**WHAT IS NEEDED:**
Print only the lines from the one with "A trumpet-shaped vase" through the end of the data, exactly, and please omit pictures.

**INFORMATION SUPPLIED:**
◇ ◇ ◇ ◇ ◇ ◇ ◇

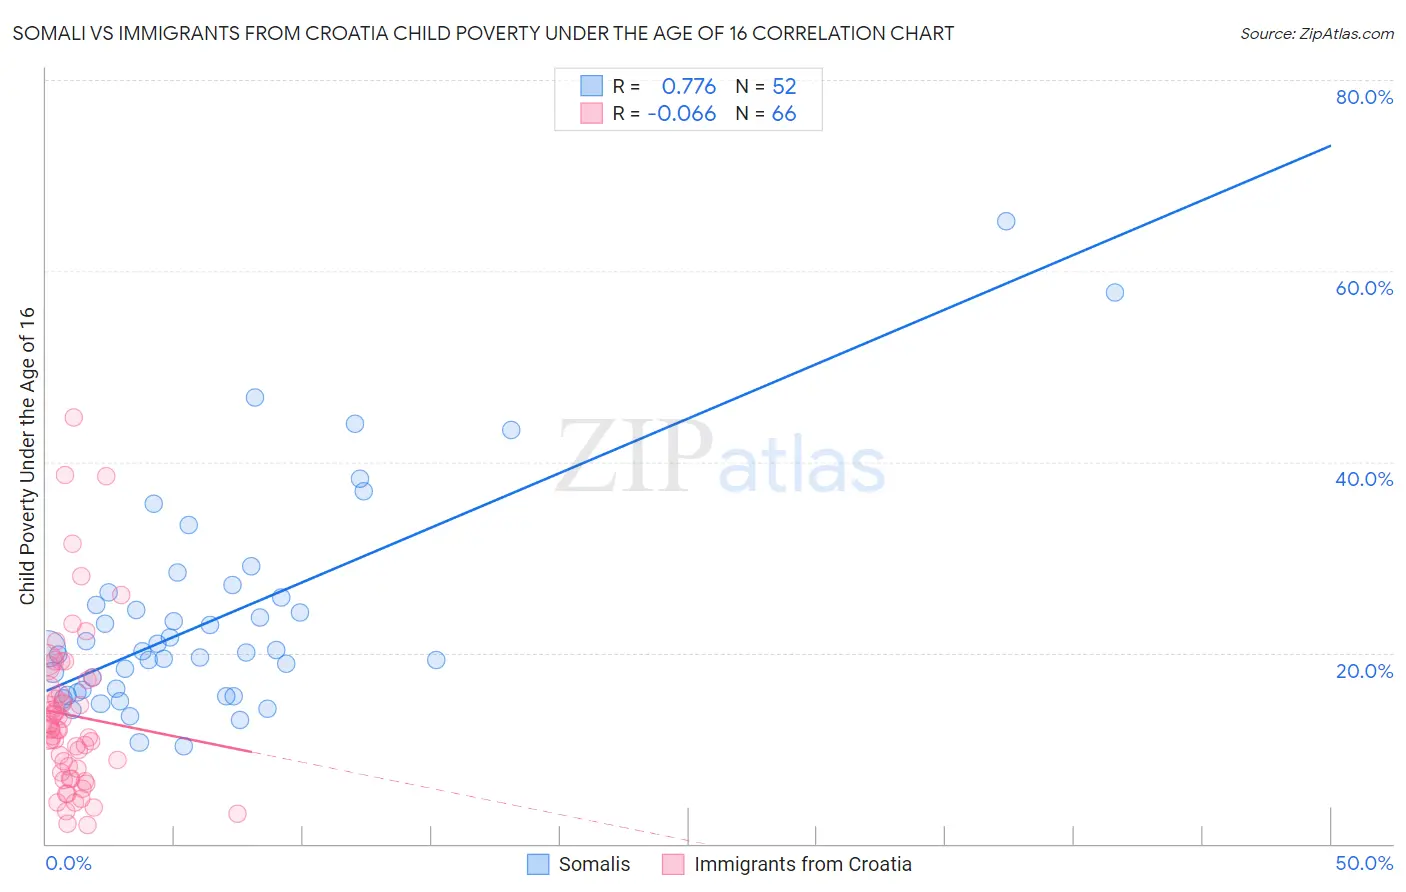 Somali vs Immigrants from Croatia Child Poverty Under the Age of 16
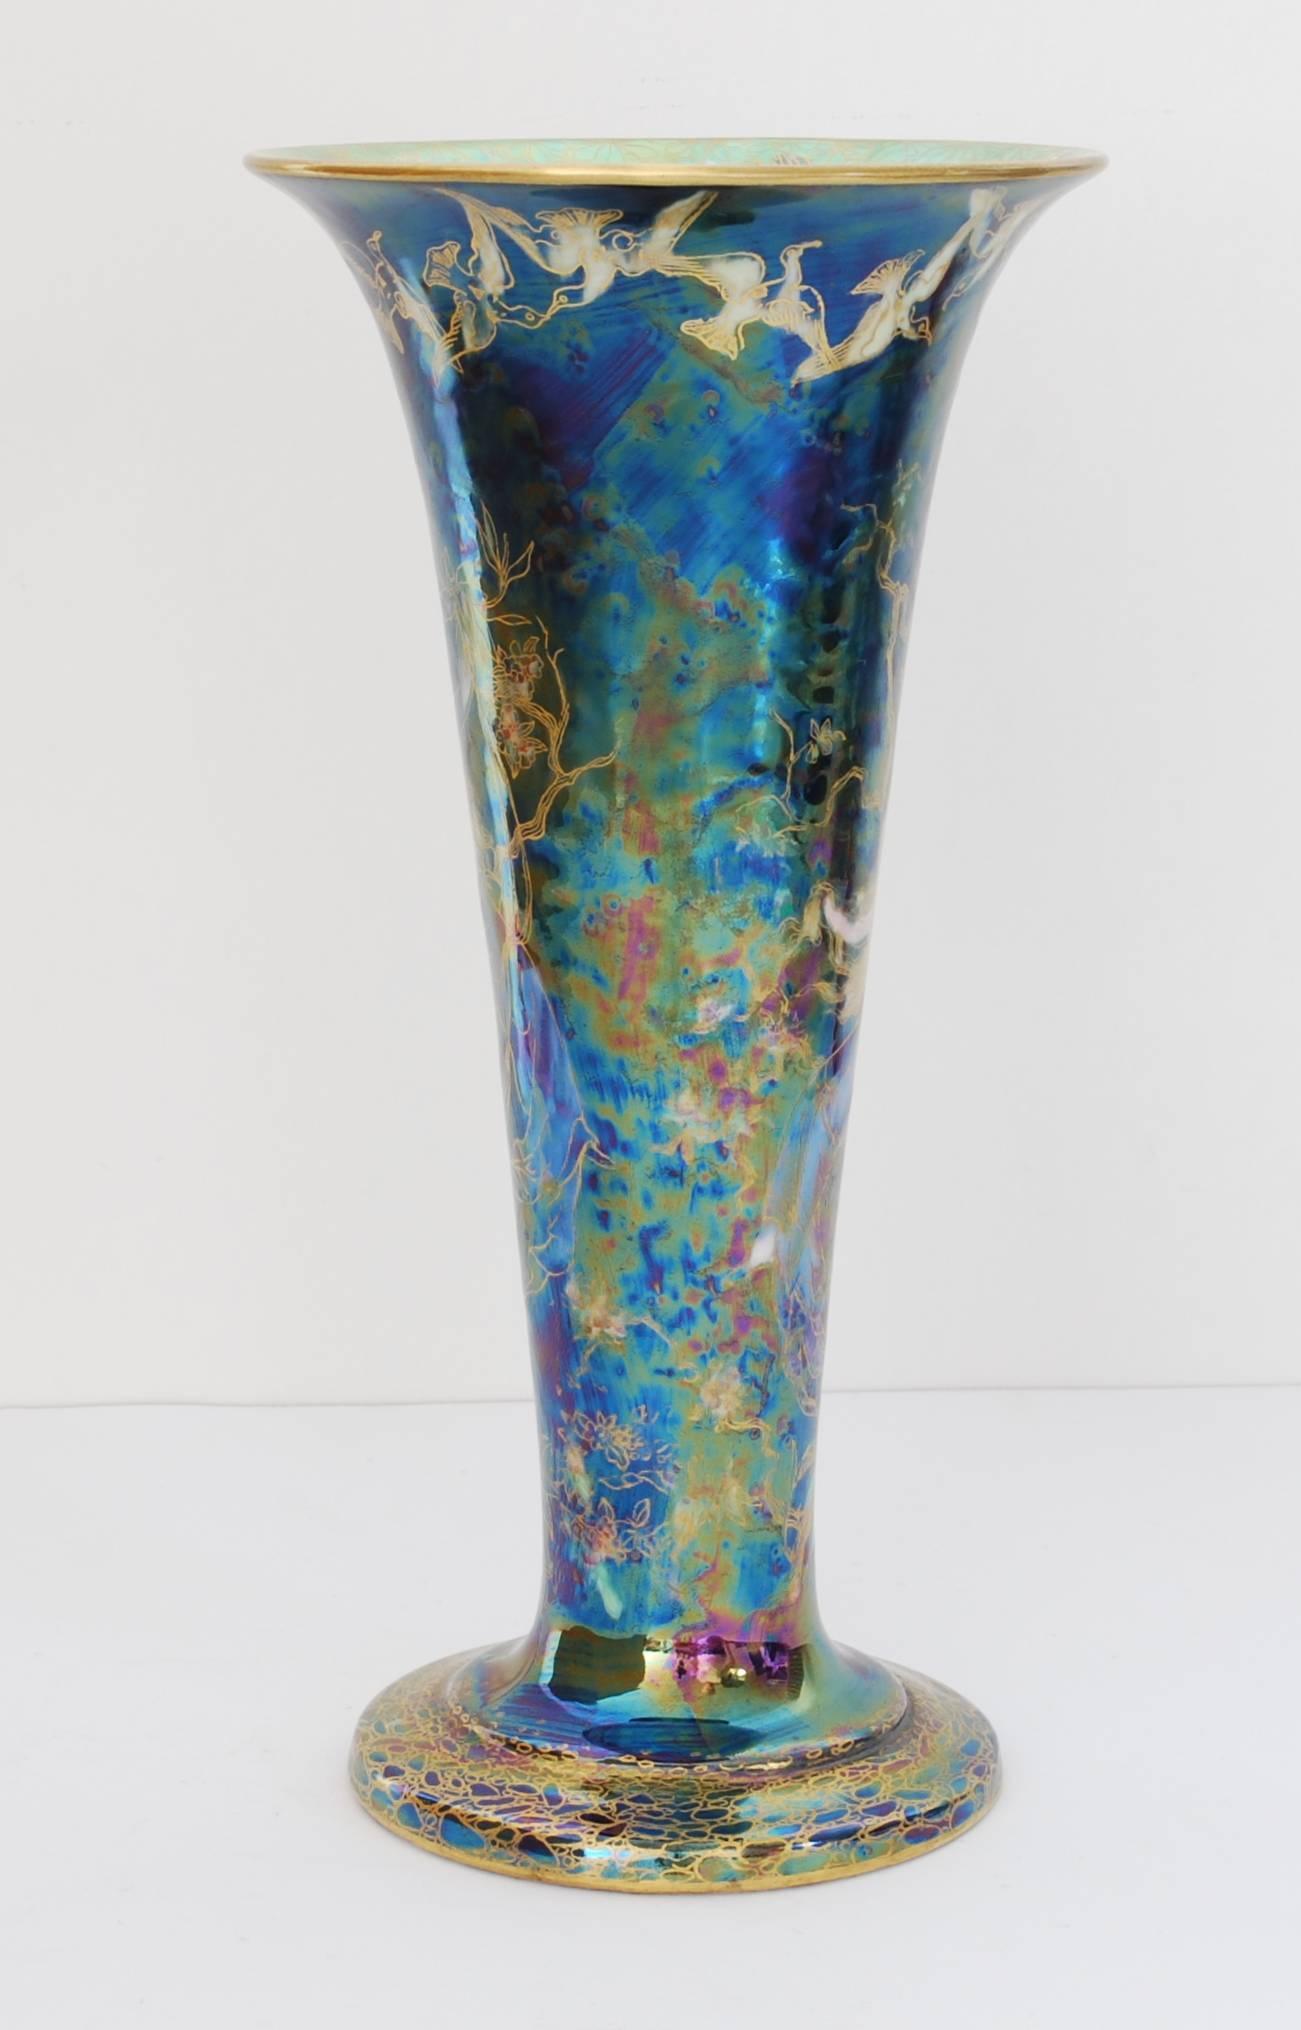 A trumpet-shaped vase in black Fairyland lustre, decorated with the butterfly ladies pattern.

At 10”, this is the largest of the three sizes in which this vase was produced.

◇ ◇ ◇ ◇ ◇ ◇ ◇

**YOUR RESPONSE:**
 A trumpet-shaped vase in black Fairyland lustre, decorated with the butterfly ladies pattern.

At 10”, this is the largest of the three sizes in which this vase was produced.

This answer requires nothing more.